Questo monologo è davvero bellissimo, tra l’altro adattato perfettamente dai nostri doppiatori italiani che riescono sempre a trovare le parole giuste per regalarci queste perle di sceneggiatura.
Il monologo è perfetto anche perchè qualche scena prima abbiamo già avuto prova del carattere del personaggio interpretato da Robin Williams, la sceneggiatura ci ha già dato prova del suo dolore e del rapporto che molto probabilmente aveva con la moglie, abbiamo capito che era un uomo che era stato tradito dalla vita, ma che non si era pentito di affidarsi all’amore.
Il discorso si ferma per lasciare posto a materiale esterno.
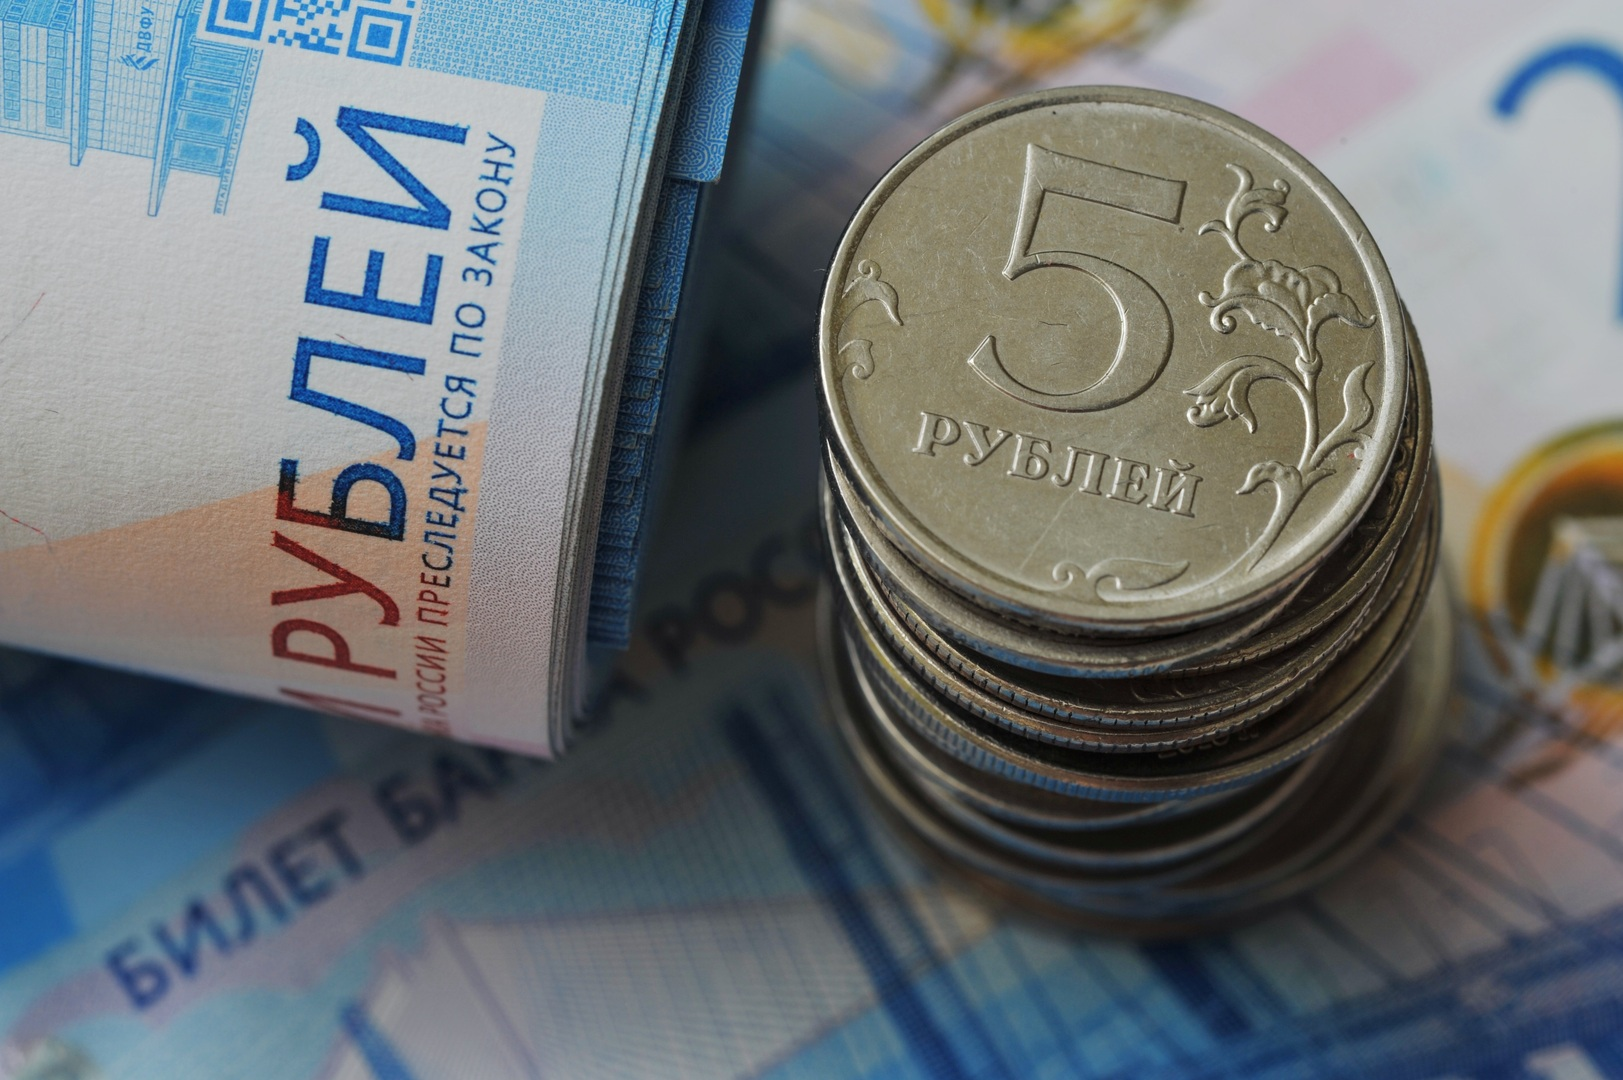 دول العالم تسدد مستوى قياسيا من ديونها لروسيا

Robin Williams è un valore aggiunto perchè riesce a dare la giusta espressione a queste parole, la giusta cadenza e frequenza per entrarti nel cuore, ci smuovono e ci fanno riflettere.
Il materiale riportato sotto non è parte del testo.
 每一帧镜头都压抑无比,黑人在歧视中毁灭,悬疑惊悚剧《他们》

Questo monologo è collocato bene sia a livello temporale nella storia che a livello fisico nella tranquillità di un parco su una panchina, un luogo di pace in cui è più facile essere profondi e arriva nel punto in cui Sean deve per forza e in qualche modo smuovere quella stupida corazza che si è costruito Will.
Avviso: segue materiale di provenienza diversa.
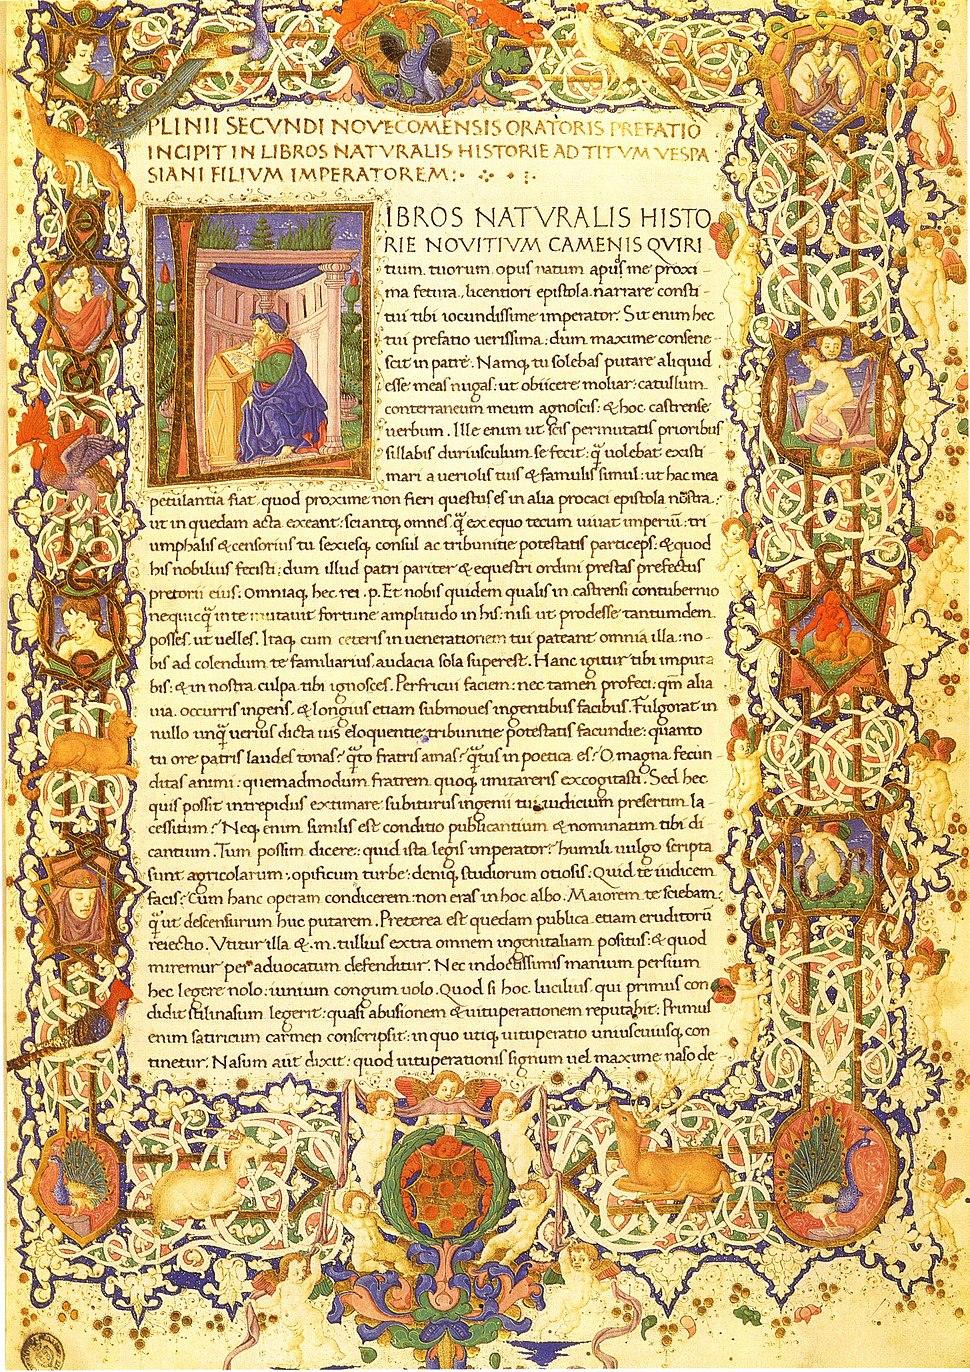 Pliny the Elder, Natural History, Florence, Plut. 82.4

In questo modo le parole acquistano più valore, più significato e ci sembrano ancora più perfette, c’è un anticipo, un prologo, poi c’è luogo giusto e il momento adatto all’interno della storia per essere pronunciate.
Segnano una svolta all’interno della storia e per i personaggi, tutti e due capiscono che parlare potrebbe fare bene a entrambi, capiscono che in fondo entrambi hanno bisogno di sfogarsi e ci da indizi sui protagonisti.
Capiamo la profondità dello psicologo Sean e vediamo e impariamo che Will non è solo un ribelle chiuso in se stesso, anzi è un ragazzo che sa anche fermarsi e ascoltare e perchè no apprendere qualcosa.
Questo è un paio di altri dialoghi sono talmente importanti che delineano non solo il carattere di Will ma ne tracciano pesantemente anche il futuro, tanto che le sue scelte di vita saranno guidate dalle parole di Sean. Chissà se qualcuno nella vita oltre a Will è stato anche lui condizionato da queste parole, chissà se ha imparato qualcosa.
Il resto dei dialoghi sono evoluzione di un rapporto che si crea tra Will e Sean, come se fossero quasi padre e figlio, un uomo esperto che insegna al giovane quando bello può essere l’amore.
Ci sono dei dialoghi stupendi in cui Sean parla di sua moglie e dei momenti belli e divertenti con lei, uno addirittura improvvisato da Robin Williams che è allo stesso tempo divertente quanto malinconico, recitazione meravigliosa.
Quando ci sono dialoghi del genere anche per l’attore è più facile entrare nel personaggio, recitare ed esprimere il meglio delle sue possibilità, una buona sceneggiatura aiuta proprio tutti, perchè tutto si incastra perfettamente, tutto sembra perfetto.
Le giuste parole messe al posto giusto rendono i film delle opere d’arte migliori di una poesia, perchè sono pezzi di vita, e fanno parte di tutti noi, in molti di essi ci possiamo riconoscere tranquillamente.
Questo film non è altro che un insegnamento a come vanno scritti i film incentrato sul confronto, sulla crescita personale e sulle parole, una lunga e bellissima poesia visiva.